Physics Following ICP refinement, the remaining solutions are sorted by their ICP score, and (if specified) reduced to a preset maximum number of solutions. These are then simulated for stability with the Bullet physics engine (Coumans 2015), and solutions that do not reach equilibrium within a fixed simulated-world-time period or within a distance moved are ruled out.
Scoring The remaining stones after the physics simulation step are sorted using the combined parameters from Fig. 4a and b, where the gap volume is calculated with a raycasting technique measuring the displacement of hits measured from local plan- and elevation projection planes with and without the placed stone (and considering the known stone volume). The best match is then sent for physical placement. A provided Imgui interface (Cornut 2005) allows for alternative high-scoring solutions to be selected manually, if desired.
The geometric planning software makes extensive use of libigl (Jacobson et al. 2018) for mesh processing, PCL for point cloud operations (Rusu and Cousins 2011), and openframeworks (Lieberman et al. 2005) for visuals (Fig. 6).
Grasp and placement execution
The goal of the grasp pose planning is to find viable grasping configurations that allow the excavator to pick a desired stone and place it at the planned location without collisions with the existing wall (Fig. 7e). A grasp configuration is defined as 6-DoF pose of the excavator’s gripper, where contact with the desired stone can be performed. To find a viable grasp configuration that respects the collision constraints, we sample a large amount of grasp hypotheses on the stone of interest in the map point cloud. Those grasp hypotheses are validated for collisions by intersecting a polyhedral gripper model with the map cloud and searching for inliers. Note that both the grasp configuration and the corresponding placement configuration must be verified to be without collisions (Fig. 7d, f).

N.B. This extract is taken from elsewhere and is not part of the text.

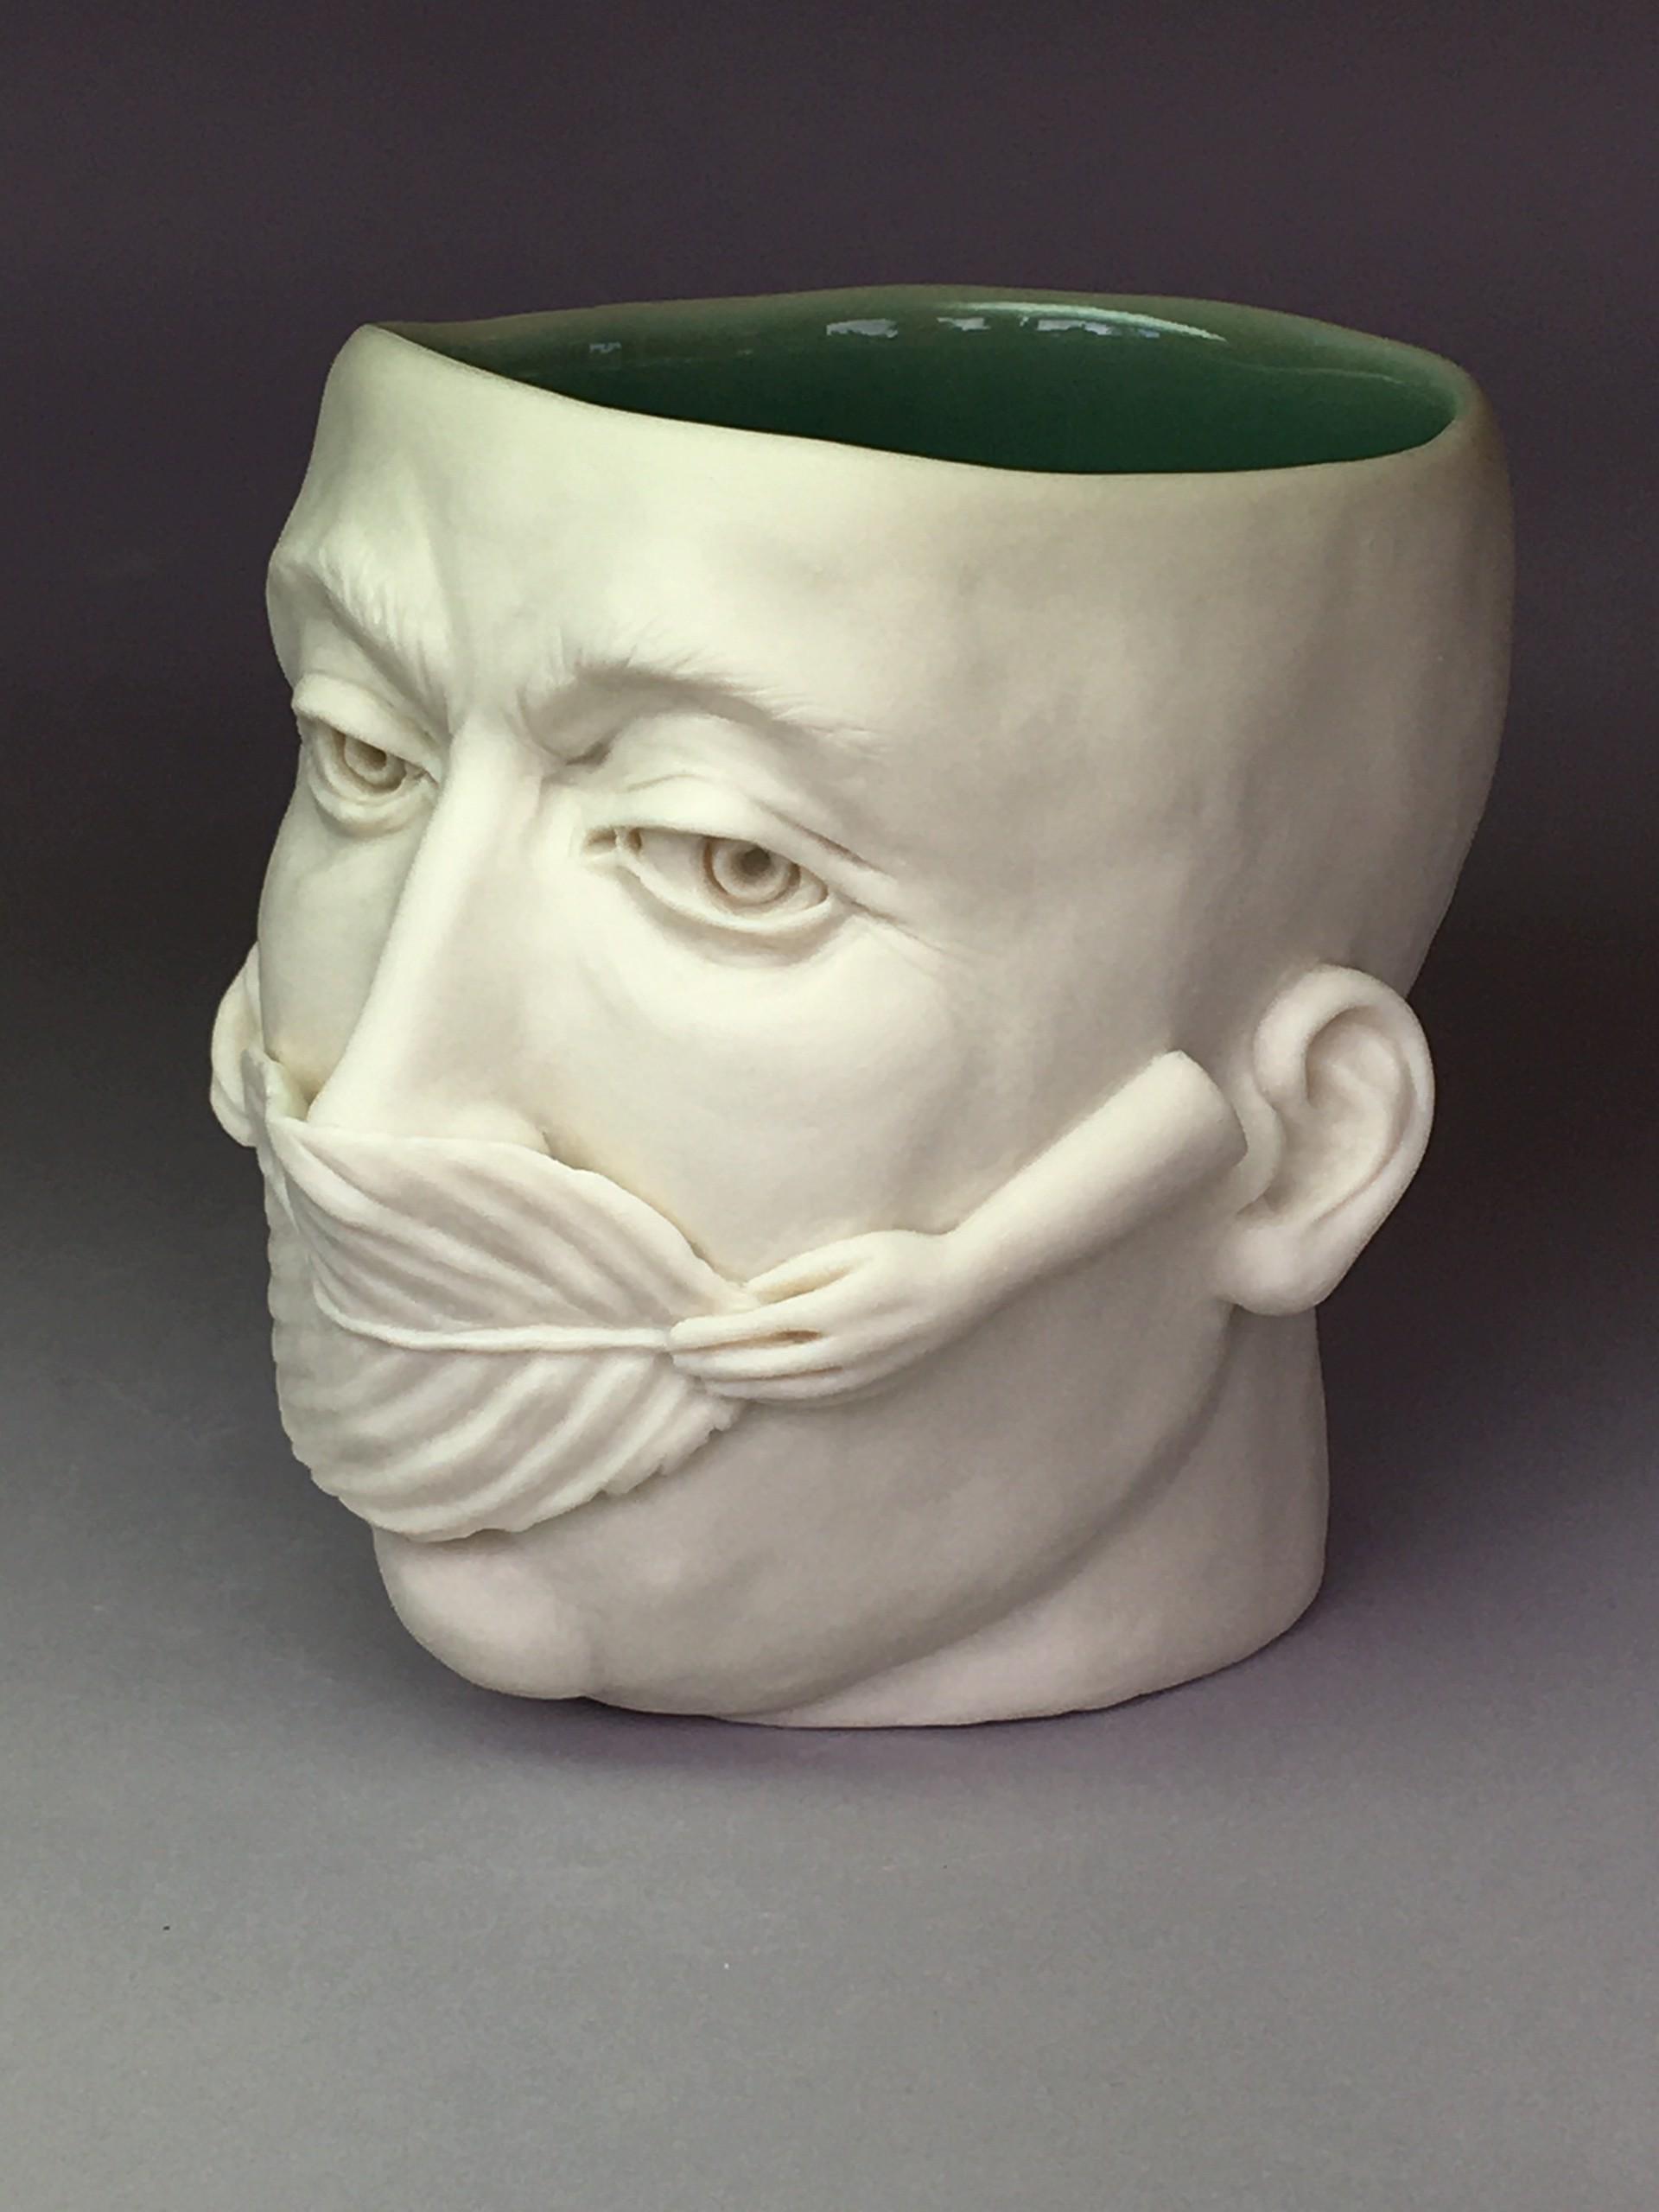 """Leaf Mask, Earth Day III, 2020"" (eyes open) by Adrian Arleo"

Due to occlusions, the map point cloud may contain holes that can result in undetected collisions. To prevent these situations, the map point cloud is augmented with point clouds generated from the meshes of already localized objects (Fig. 7g). After ruling out colliding configurations, the remaining grasp poses are evaluated for force closure and scored by task-specific criteria (alignment to ground, grasp encompassment, and distance to stone CoM) to obtain the final grasp.
A motion planner is used to generate a spline trajectory for reaching the desired grasp pose and for moving from the grasp pose to the placement pose (Fig. 7c). The approach direction during placement is chosen by raycasting to provide the largest margin to obstacles. Figure 7 shows the spline trajectory (c, blue) for moving the grasped stone from the ground to its desired placement pose (e, red). Each time a stone is grasped or released, its pose with respect to the map or end effector is updated with an ICP refinement step using its previous location as the initial guess (Sect. 3.2).